Credit has to be given where credit is due. Over the last year important strides have been made in making NASCAR racing safer. All cars now carry on-board data recorders so NASCAR can study the forces involved in a wreck. Seat design has improved to a huge degree over the last couple years.

NASCAR began mandating all safety harnesses must be installed according to the manufacturer’s recommendations, not by a driver’s preference. Next month the Winston Cup cars will compete for the first time at a track with an impact absorbing (not soft!) wall when they visit Indianapolis.

Years down the road racing historians will probably see the adoption of head restraints, be it the HANS or the Hutchens device, as one of the three most important safety steps ever implemented in stock car racing. (With the others being the tire inner liner and the fuel cell.) I shudder to think how many fatalities might have occurred in the last two seasons were it not for the competitors deciding almost unanimously on their own to wear head restraints, and NASCAR finally adopting such devices as mandatory to save Tony Stewart, the last holdout, from himself.

But as of late, the discussion of safety, which was so dominant in this sport in the wake of the tragic loss of Dale Earnhardt last year, has gotten pushed onto the backburner. We’ve got a decent points battle to debate and handicap. We’ve got the red flag issues to get in an uproar about. Heck, we’re even hooting and hollering about Muppets.

But deep in the pit of my stomach I feel the fans, the media and the sanctioning body have gotten a little too complacent about safety lately, and I fear only in the wake of another tragedy will further progress be made.

While this NASCAR season has been death free, it has hardly been injury free. And there’s been a couple very hard hits lately. Brett Bodine’s flaming wreck at Daytona looked worse than it was, even before the evidence was destroyed by fire. Both Joe Nemechek’s Daytona wreck and Christian Elder’s Busch series qualifying wreck at ChicagoLand looked frighteningly similar to the crash that took Dale from us.

And this weekend we returned to New Hampshire International Speedway, the scene of two terrible tragedies in 2000. Bob Bahre, who owns NHIS, had proposed having the SAFER wall system used during this year’s Indy 500 in place at his track prior to this weekend’s event. He was willing to pay for the improvement. But when he requested NASCAR’s permission, he, and the media were told, the SAFER system must be tailored to each individual track.

What works at Indy won’t work at NHIS or any other track on the circuit. I can accept that. But what’s being done about it. Has this gentleman visited NHIS and made his recommendations on a system suited to that venue so it can be in place before the fall race? What other Winston Cup tracks has he visited and measured? How soon will all the tracks be lined with energy absorbing walls? The answer should be, as soon as humanly possible.
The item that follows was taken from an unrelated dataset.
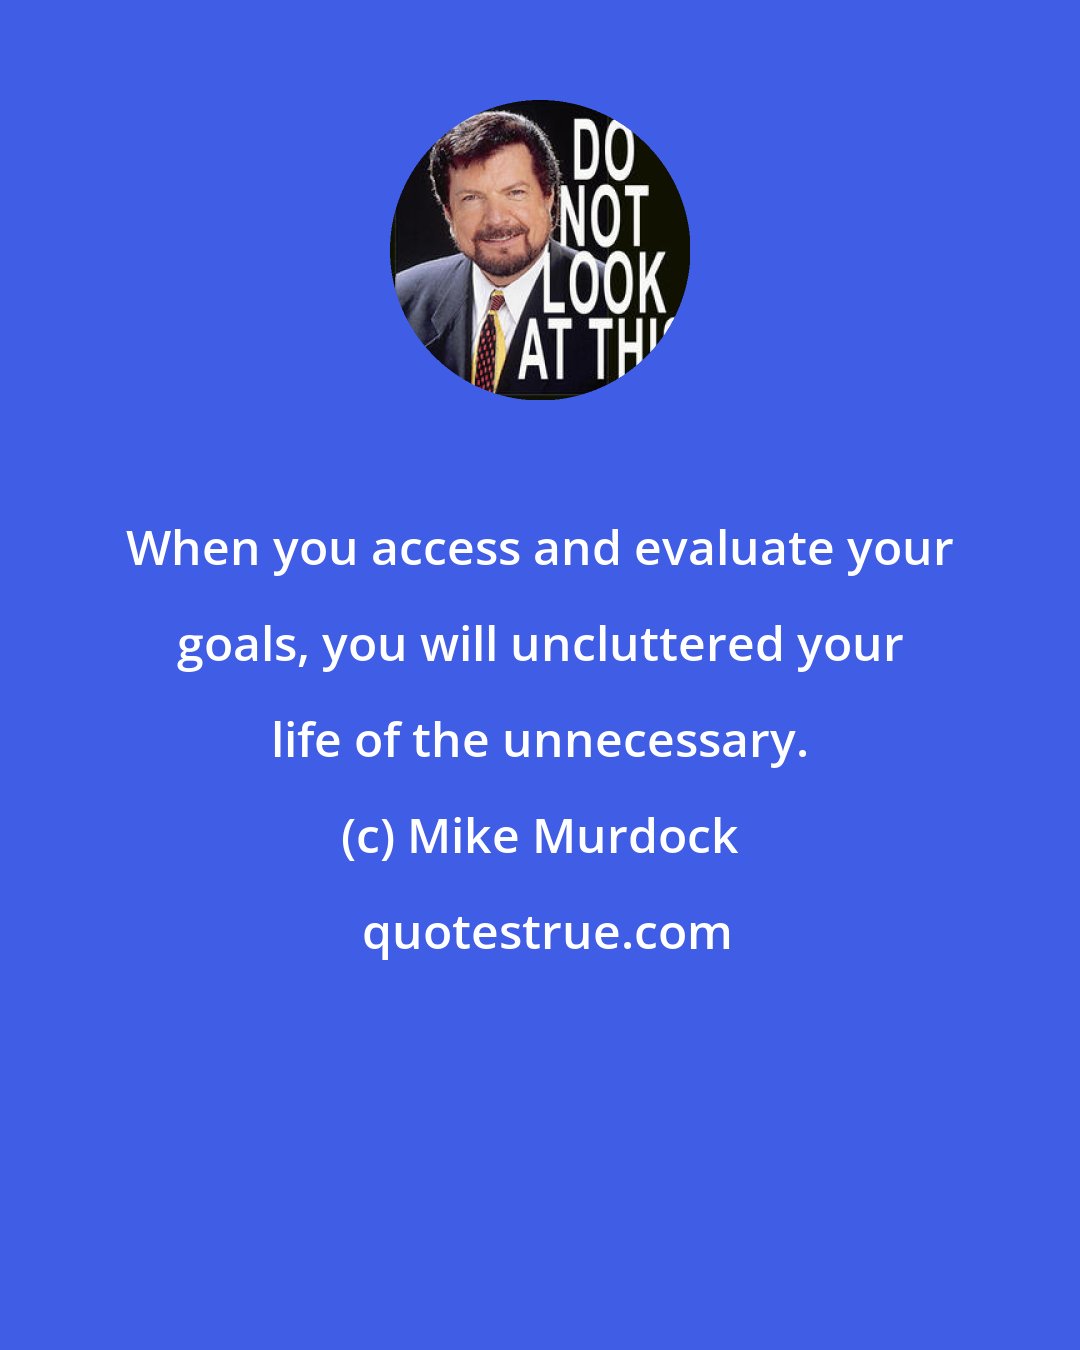 Mike Murdock: When you access and evaluate your goals, you will uncluttered your life of the unnecessary.

The discussion of energy absorbing systems for the front of the cars, the Humpy Bumper and a competitive design using a different substance, has dropped off the radar screen. We’re told the problem with offset frontal impacts is that the engine is the first component of signifigance to hit the wall, and it doesn’t yield. So what’s being done to change that? Humpy Wheeler said he could outfit the entire field with Humpy Bumpers in time for last year’s fall Charlotte race, but NASCAR said more study was needed. OK, it’s been seven months now. When are the results of that study due, and where on the real world tests of such devices?

Finally it seems the level of preparedness at some tracks regarding safety crews (both fire crews and rescue crews) is inconsistent at best. While well meaning and dedicated, the safety crews at Daytona didn’t acquit themselves well. That’s probably because they weren’t sufficient in numbers. It’s not like Daytona opened last year and no one expects huge wrecks during the race. Better to have too many safety personnel and have them sit around all night without having to respond, than to have too few and have them unable to rescue a driver from a burning car in time.

If NASCAR refuses to adopt a traveling safety crew like most professional racing series, they need at least to set stringent guidelines for the number of emergency crews, how they will be positioned and how they will be deployed in the aftermath of a wreck. Watch an open wheel race sometime. The safety crews often arrive on scene before the broadcasters realize there’s been a wreck.

The sport of stock car racing received a tremendous black eye last year when it came to its image as safety conscience. They’ve made a good start in correcting inadequacies of the past. But it behooves NASCAR at this juncture to try to make ours the safest racing series in the world proactively, rather than wait until another tragedy strikes and have to respond reactively.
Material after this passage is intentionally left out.